[Python-Dev] Re: [Python-checkins] python/nondist/sandbox/spambayes GBayes.py,1.7,1.8

Tim Peters tim_one@email.msn.com
Wed, 21 Aug 2002 00:50:39 -0400

[Eric S. Raymond]
> VM, dude, VM is your friend.  I thought this through carefully.  The
> size of bogofilter's working set isn't limited by core.

Do you expect that to be an issue?  When I built a database from 20,000
messages, the whole thing fit in a Python dict consuming about 10MB.  That's
all.  As is always the case in this kind of thing, about half the tokens are
utterly useless since they appear only once in only one message (think of
things like misspellings and message ids here -- about half the tokens
generated will be "obviously useless", although the useless won't become
obvious until, e.g., a month passes and you never seen the token again).  In
addition, this is a statistical-sampling method, and 20,000 messages is a
very large sample.  I concluded that, in practice, and since we do have ways
to identify and purge useless tokens, 5MB is a reasonable upper bound on the
size of this thing.  It doesn't fit in my L2 cache, but I'd need a
magnifying glass to find it in my RAM.

> And because it's a B-tree variant, the access frequency will be
> to log2 of the wordlist size

I don't believe Judy is faster than Python string-keyed dicts at the sizes
I'm expecting (I've corresponded with Douglas about that too, and his timing
data has a hard time disagreeing <wink>).
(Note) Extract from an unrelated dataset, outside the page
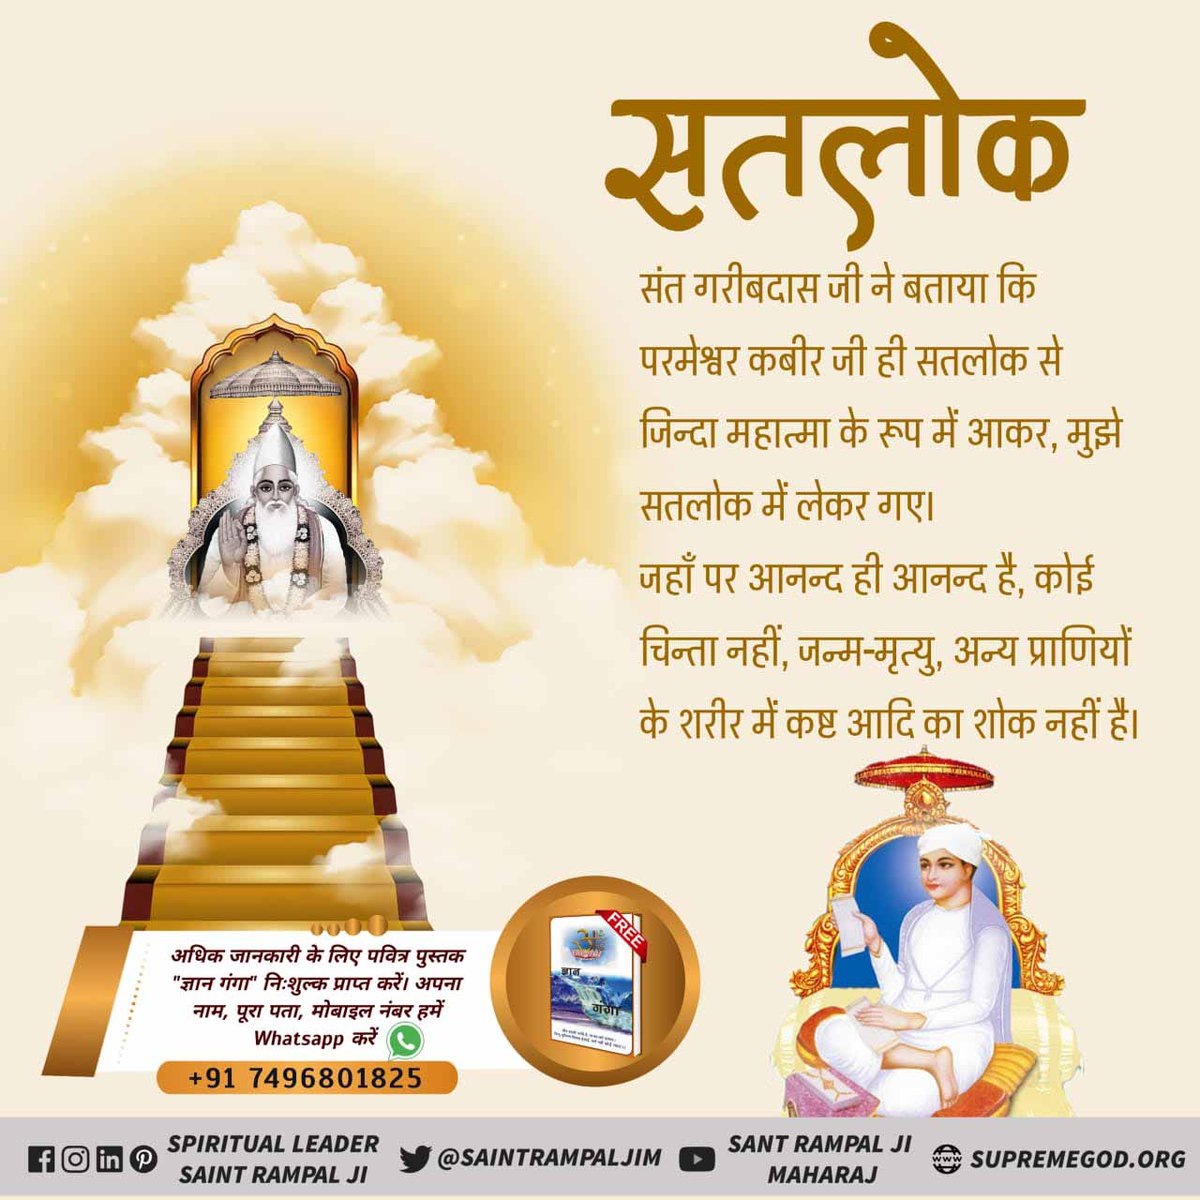 Shri Guru Granth Sahib, Raag Aasavari, Mehla 1 Ehu jeeu bahute janam bharmia, ta Satguru shabd sunaiya Shri Nanak ji says that this soul of mine kept wandering in the cycle of birth & death for a long time. Now the Complete Guru has given me the true Naam  #wednesdaythought

> and the patterns will be spatially bursty.

Why?  Do you sort tokens before looking them up?  Else I don't see a reason
to expect that, from one lookup to the next, the paths from root to leaf
will enjoy spatial overlap beyond the root node.

> This is a memory access pattern that plays nice with an LRU pager.

Well, as I said before, all the evidence I've seen says the scoring time for
a message is near-trivial (including the lookup times), even in pure Python.
It's only the parsing that I'm still worried about, and I may yet confess a
bad case of Flex envy.

> I'm working on a simpler solution, one which might have a Pythonic
> Stay tuned.

I figure this means something simpler than a BTree under ZODB.  If so, you
should set yourself a tougher challenge <wink>.